Ngerinya Media Sosial Hari ini!

Ngerinya Media Sosial

Ngerinya Media Sosial Hari ini! – Dalam abad ke-21 ini, media sosial menjadi jantung komunikasi publik. Media sosial memiliki fungsi utama dalam menyalurkan konektivitas antar manusia di dunia. Dilansir dari Hootsuite.com bahwa dari 274,9 juta penduduk Indonesia, 170 juta penduduk merupakan pengguna media sosial. Dengan persentase mencapai 61,8%. Dari data tersebut menunjukkan bahwa masyarakat Indonesia sedang menghadapi ketergantungan dengan media sosial.

Media sosial awalnya difungsikan sebagai alat untuk mempermudah komunikasi  lambat laun berubah memiliki banyak fungsi. Media sosial juga banyak digunakan sebagai sarana jual beli dan sarana informasi publik. Seiring berkembangnya zaman media sosial menjadi pusat peradaban manusia. Ruang lingkup yang tak terbatas membuat penggunanya bebas untuk melakukan apa saja. Tetapi akhir-akhir ini  media sosial mengalami penurunan nilai. Hal itu disebabkan dengan maraknya perilaku kejahatan yang dilakukan di media sosial. Munculnya oknum yang tidak bertanggung jawab menjadi pemicu kisruh di media sosial hari ini.

Media sosial yang awalnya digunakan untuk memudahkan sarana komunikasi sekarang berubah menjadi sarana caci maki. Media sosial merubah karakter orang Indonesia yang ramah dan lembut menjadi sensitif dan mudah tersinggung. Banyak orang hanya gara-gara satu hal sepele membuat putus pertemanan bahkan sampai perceraian antara suami dengan istri. Ditambah lagi dengan diperkuatnya UU ITE yang tidak jelas fungsi dan kedudukannya sebagai kebijakan penangkal masalah elektronik. Media sosial dan UU ITE merupakan akar pencipta peradaban baru.

Ketergantungan akan media sosial untuk mendongkrak popularitas personal seseorang agar mendapatkan pandangan dari orang lain seolah-olah tanpa celah. Media sosial membuat pola pikir manusia dalam memandang kehidupan merupakan persaingan. Kita secara tidak langsung diarahkan untuk saling bersaing satu sama lain. Bersaing untuk mendapat pujian dan penghormatan yang sebanyak-banyaknya. Alhasil, banyak adu domba dan fitnah di media sosial yang menjatuhkan nama baik seseorang.

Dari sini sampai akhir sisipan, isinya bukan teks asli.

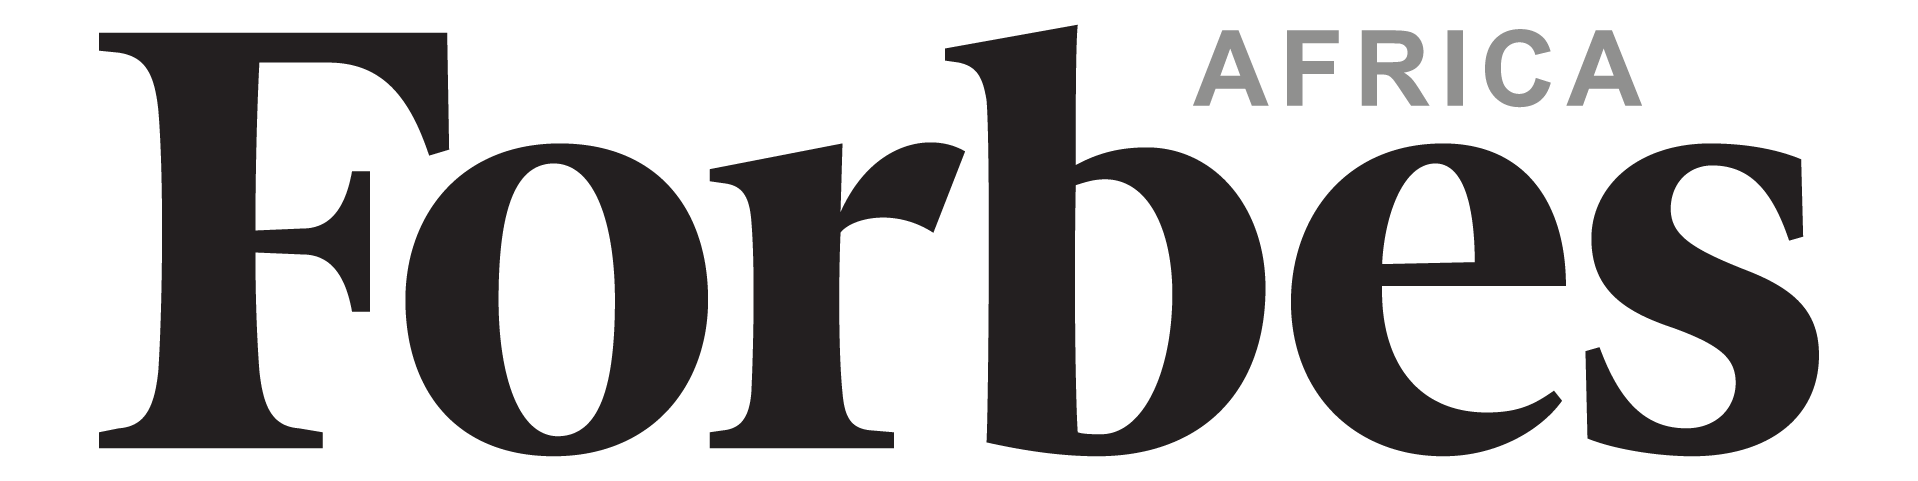 Forbes Afrika - Media - Förlag

Baca juga: Fitur Story di Media Sosial: Alat Pencitraan Diri dan Penipuan bagi Publik

Media sosial membuat manusia menjadi hiperaktif. Dengan memposting kehidupan sehari-hari seolah menggambarkan gaya hidup yang sesuai dengan tren zaman. Hal itu dilakukan supaya dianggap populer oleh lingkungannya. Padahal apa yang mereka posting tidak sesuai dengan kehidupan nyata. Ada juga yang setiap punya masalah sedikit langsung post supaya dapat perhatian orang lain. Akhir-akhir ini juga muncul beragam pamflet yang bertebaran di media sosial. Mulai dari ucapan selamat sampai kampanye pancasila dengan foto terpampang besar dari tokoh atau pejabat politik untuk menyongsong 2024 demi menarik elektabilitas masing-masing.

Hal demikian sah-sah saja, karena bagian dari kebebasan berekspresi. Namun, terkadang banyak yang tidak sadar kalau setiap yang diposting akan membawa dampak entah itu baik atau buruk. Bisa saja dengan apa yang diposting, orang lain  yang melihat akan memanfaatkannya untuk berbuat kejahatan yang bisa merugikan diri sendiri. Apalagi di masa pandemi seperti sekarang yang agak sensitif. Banyak orang yang mudah tersinggung, saling membela diri tidak mau tau salah atau benar. Pujian dan eksistensi individu yang paling utama tanpa memperhatikan adab dan etika sesama manusia.

Kejahatan yang terjadi di dunia maya juga banyak dan beragam kasusunya. Menurut Direktur Eksekutif ICJR Erasmus Napitupulu dalam kurun waktu 4 tahun bahwa tingkat penghukuman melalui UU ITE mencapai 96,8 persen. Dan tingkat pemenjaraan mencapai 88 persen atau 676 perkara. Terlepas bagaiman kasusnya, catatan itu menunjukkan kalau media sosial sangat berpengaruh sekali bagi kehidupan manusia. Hal itu juga diperjelas lagi dengan lemahnya kebijakan dalam mengatur kehidupan bermedsos masyarakat Indonesia. Para pejabat negeri sibuk mencari popularitas ketimbang memperbaiki sistem digital yang ada.